It won't attempt to allocate anything larger than TCP_SND_BUF, even if the data written is larger. https://github.com/earlephilhower/arduino-pico/blob/434c704a4b9f0cea5449c88a48f6f94ee9623593/libraries/WiFi/src/include/ClientContext.h#L532

I am no closer to figuring out why the threshold where things stop working is 2MSS, but I think that exact number is suspicious.
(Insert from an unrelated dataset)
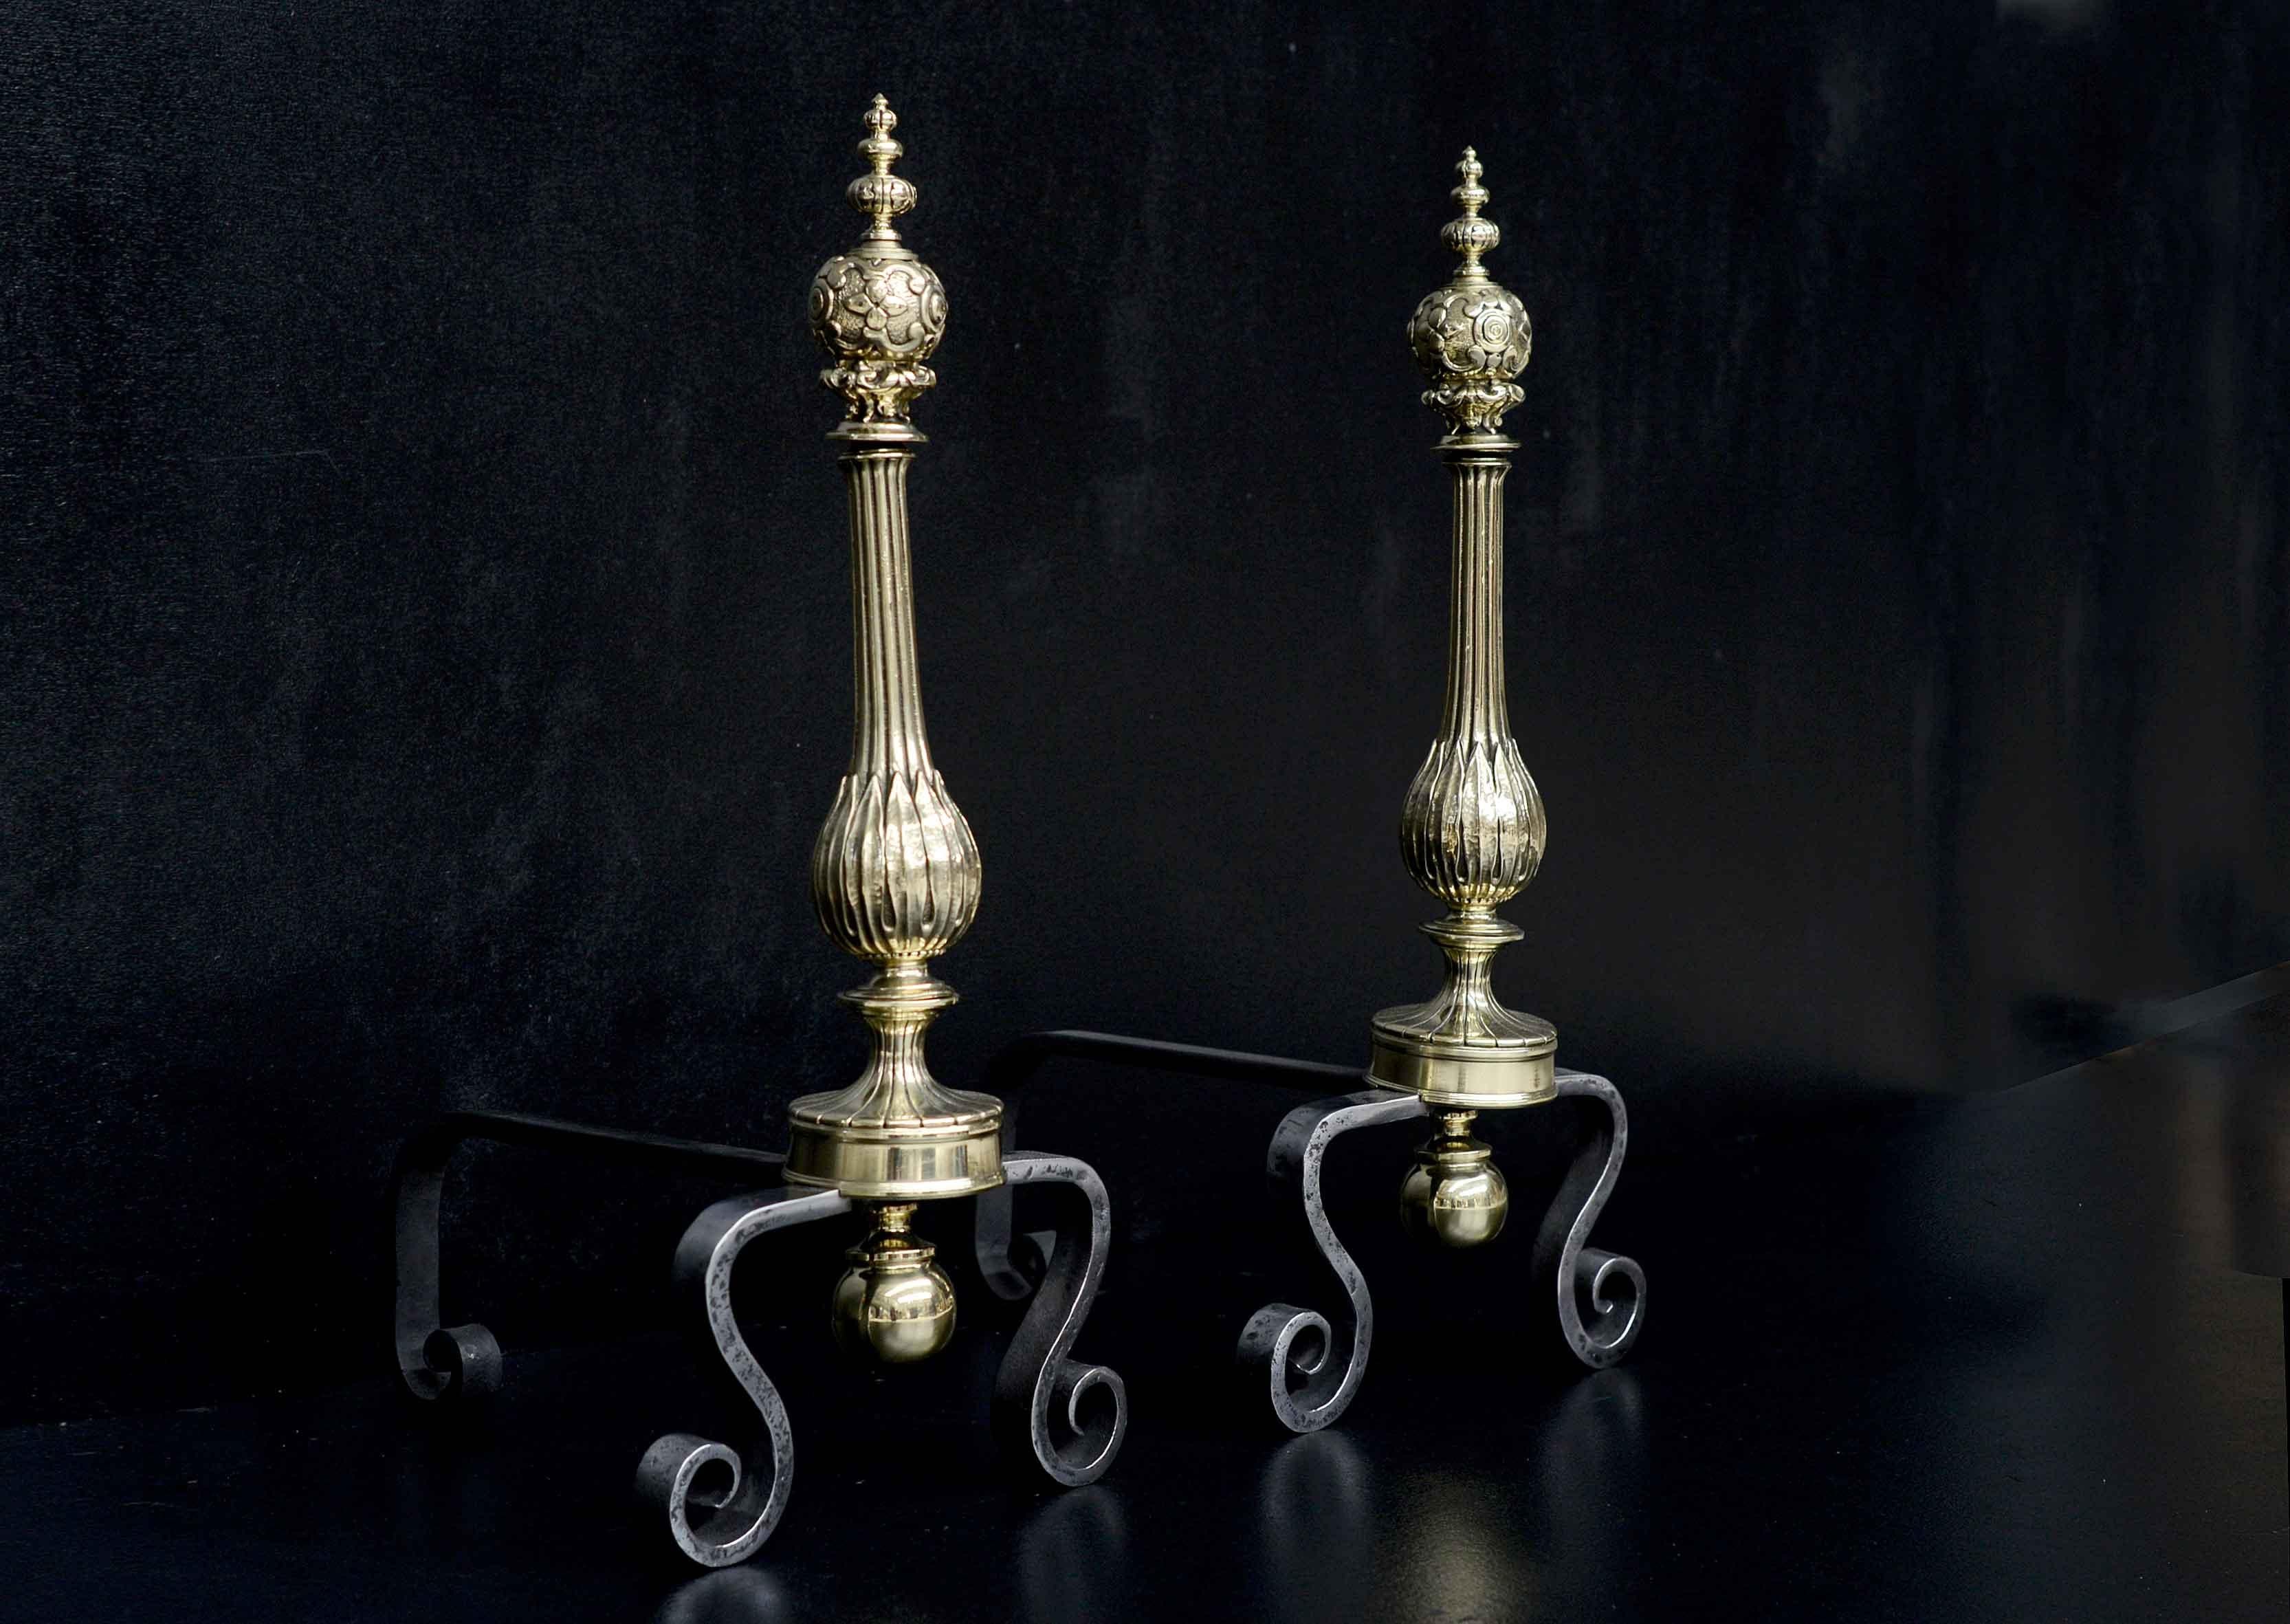 A pair of polished brass firedogs. The shaped shafts surmounted by cast tops and gadrooned finials. The scrolled feet in polished wrought iron. 19th century.

Measures: Height: 570 mm 22 ½

It could be related to 3MSS (or MTU) being larger than the allotted memory I guess.

I'd propose reducing TCP_SND_BUF well below MEM_SIZE, as we can't possibly fit anything bigger than that in there. Below half would likely be desirable.

earlephilhower commented 2 years ago

I'd propose reducing TCP_SND_BUF well below MEM_SIZE, as we can't possibly fit anything bigger than that in there. Below half would likely be desirable.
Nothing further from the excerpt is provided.